Ask yourself this: How many times have engineering negotiated making features differently to reduce complexity while capturing the intended business result/value?
In my 20 year career, I have rarely seen it. Much of my career has been spent getting people to understand this... that you can increase valued productivity.
The goal is not to: fully utilize people, have people work hard, to produce as much complexity as possible.
The GOAL is to produce highest VALUE at PEAK YIELD.
Once Developers & Product Management co-design features / product to capture VALUE with lowest complexity, the resultant valued productivity eclipses all other measures.
Why don't people do this? Because it's HARD and requires the most essential element in software development: TRUST
Product management and engineering have to TRUST that each other negotiate in good faith. They must RESPECT each other's opinions. They must EMPATHIZE with each other's objectives -- engineering wanting sound technical design and product management wanting UEX and business value.
YIELD = VALUE / COST
More valued velocity can be produced through design negotiation than scaling teams, technical architecture, etc...

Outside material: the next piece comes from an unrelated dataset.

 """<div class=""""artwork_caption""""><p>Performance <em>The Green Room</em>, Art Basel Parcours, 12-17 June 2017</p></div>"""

Consider WhatsApp (https://www.whatsapp.com/) -- acquired by Facebook for $19,000,000,000 (19 Billion). They're serving 500,000,000 users with a development team of around 50 developers. They currently serve over 1,000,000,000 (1 Billion) users with less than 70 developers. That's AMAZING!
How did WhatsApp do it?
They have amazing engineers, no doubt. They use a fantastic, alien like technology that scales better than almost anything else: Erlang. No doubt these contribute, but just as important -- and in my opinion, most importantly, they have very carefully chosen WHAT THEY BUILD.
WhatsApp's product design is fiercely focused on the value of messaging and not complex bells and whistles.

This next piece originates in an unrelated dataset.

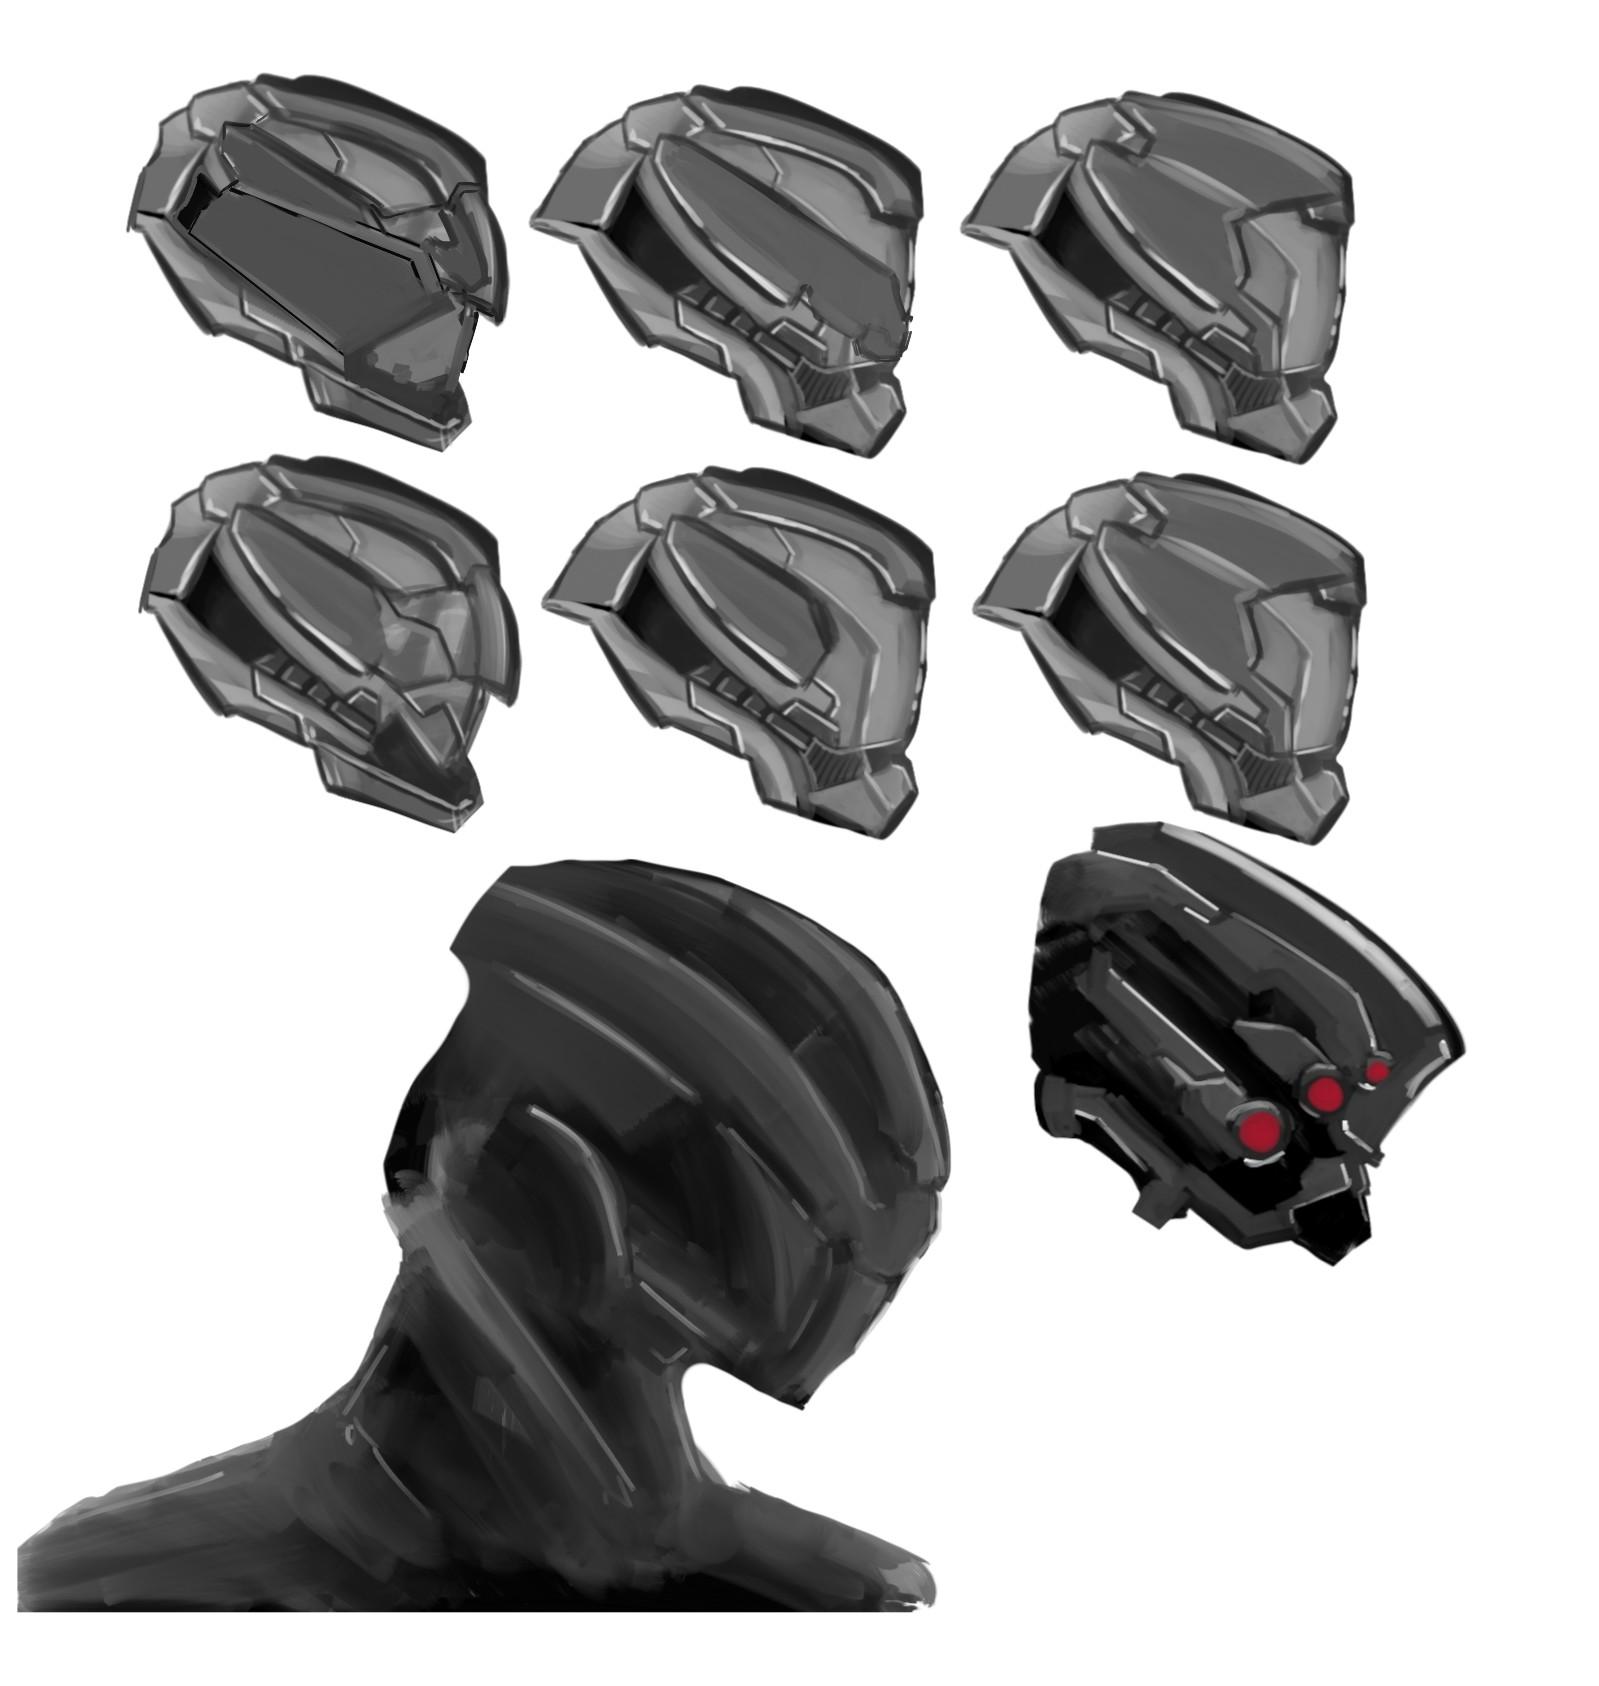 Jerry perkins mx1001 helmets

WhatsApp understood that "what they decide to build" was as or more important than how or on what technology they built it.
BUILD VALUE not COMPLEXITY
Focus your teams on YIELD... not just velocity, UEX, ....
YIELD should be a manifesto all it's own!
Y = V / C
Resources:
- Taichi Ohno: https://en.wikipedia.org/wiki/Taiichi_Ohno
- TPS: https://en.wikipedia.org/wiki/Toyota_Production_System
- Agile Manifesto: http://www.agilemanifesto.org/
- Speed of Trust: http://www.speedoftrust.com/ (thanks to Neal Reizer for introducing me to this book)
Awesome article Alan Huffman. Love this thought process and philosophy. Thanks for putting this out there.
Thanks Alan. Very well articulated with simple example.
Nice! It is so easy to track and measure the things that don't matter. It take courage and hard work to measure what matters most.
I enjoyed the read. I can't get past that the equations for Yield and ROI are the same? I mean, one is a % and the other a whole number. So, why introduce a new term when one or the other would work?